The lesson: Denormalize when read frequency much greater than write frequency, and when maintaining consistency is manageable.
Monitoring and Alerting
Database performance degrades gradually. Indexes become fragmented. Query plans change as data distributions shift. Detecting issues early requires monitoring.
We monitor:
1. Slow query log: Log queries > 100ms. Analyze daily for new slow queries.
2. Connection pool utilization: Alert if >80% of connections are in use (indicates capacity issues).
3. Replication lag: For replicas, alert if lag exceeds 5 seconds (indicates primary is overloaded or network issues).
4. Index hit rate: Percentage of queries served from indexes vs. sequential scans. Target >99%.
5. Transaction rollback rate: High rollbacks indicate lock contention or application bugs.
These metrics caught issues before users noticed degradation.
Closing Thoughts
Database performance is not a one-time optimization. It's ongoing maintenance. As data grows, query patterns change, and indexes age, performance degrades. Regular review of slow query logs, query plans, and monitoring metrics is essential.
The strategies that work:
1. Understand query execution: Use EXPLAIN ANALYZE. Don't guess.

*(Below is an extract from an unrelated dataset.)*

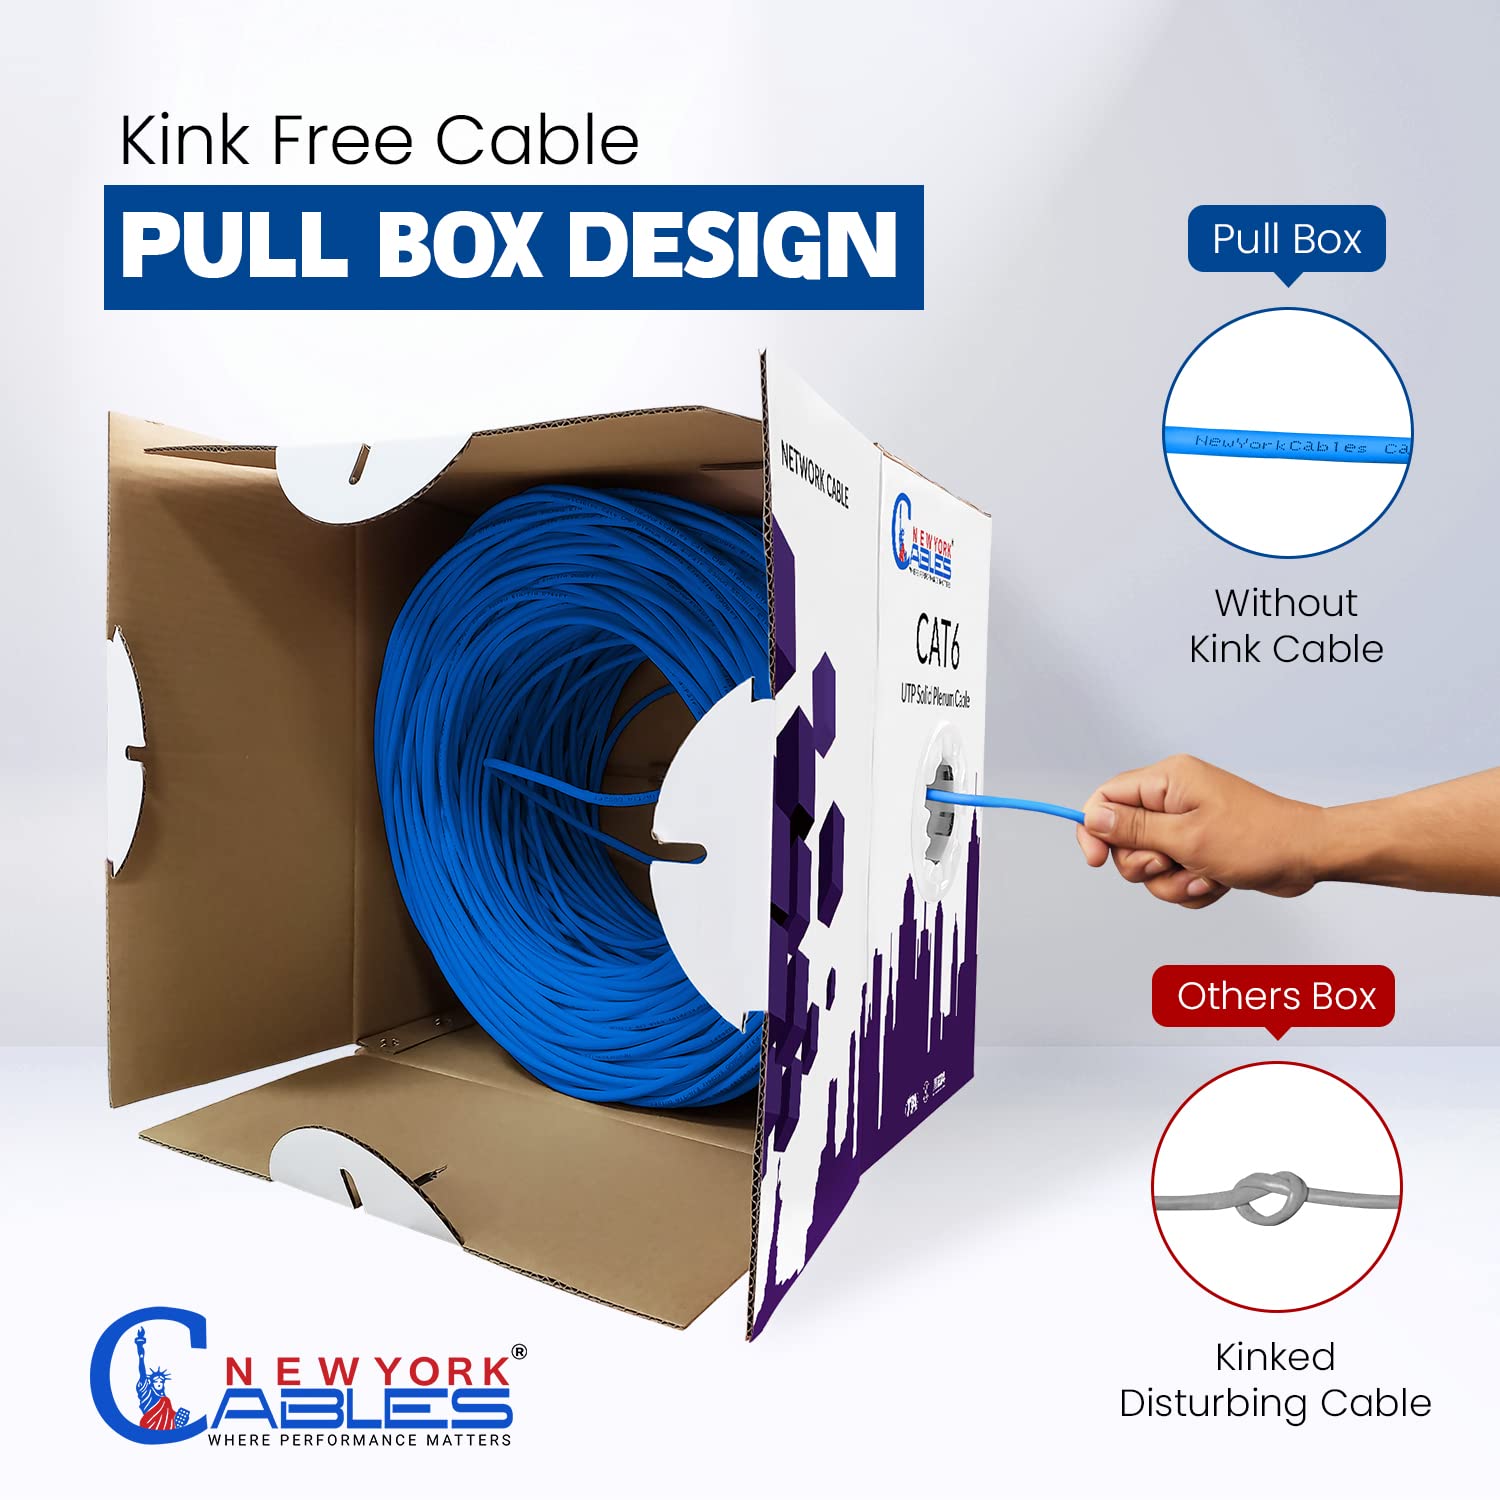 NewYork Cables CAT6 Plenum Cable 1000ft (CMP) | Easy to Pull Quality Tested Plenum Rated Wire | 23AWG Solid Conductor 550MHz, 4Pair 10 GB UTP Internet Cable, Available in Multi Colors (Blue)

2. Index strategically: Composite indexes for common queries. Covering indexes for critical paths. But don't over-index.
3. Avoid N+1 queries: Prefetch related data. Always.
4. Keep transactions short: Lock only what's necessary. Never hold locks during I/O.
5. Denormalize when justified: Read-heavy workloads benefit from denormalization. Write-heavy workloads don't.
6. Monitor proactively: Slow query logs and connection metrics catch issues early.
7. Test at scale: Performance problems hide at small scale. Test with production-sized datasets.
The 12-second API endpoint taught me that database performance is about understanding fundamentals, recognizing patterns, and making informed trade-offs. There's no silver bullet. But with the right tools and mental models, you can build systems that scale gracefully.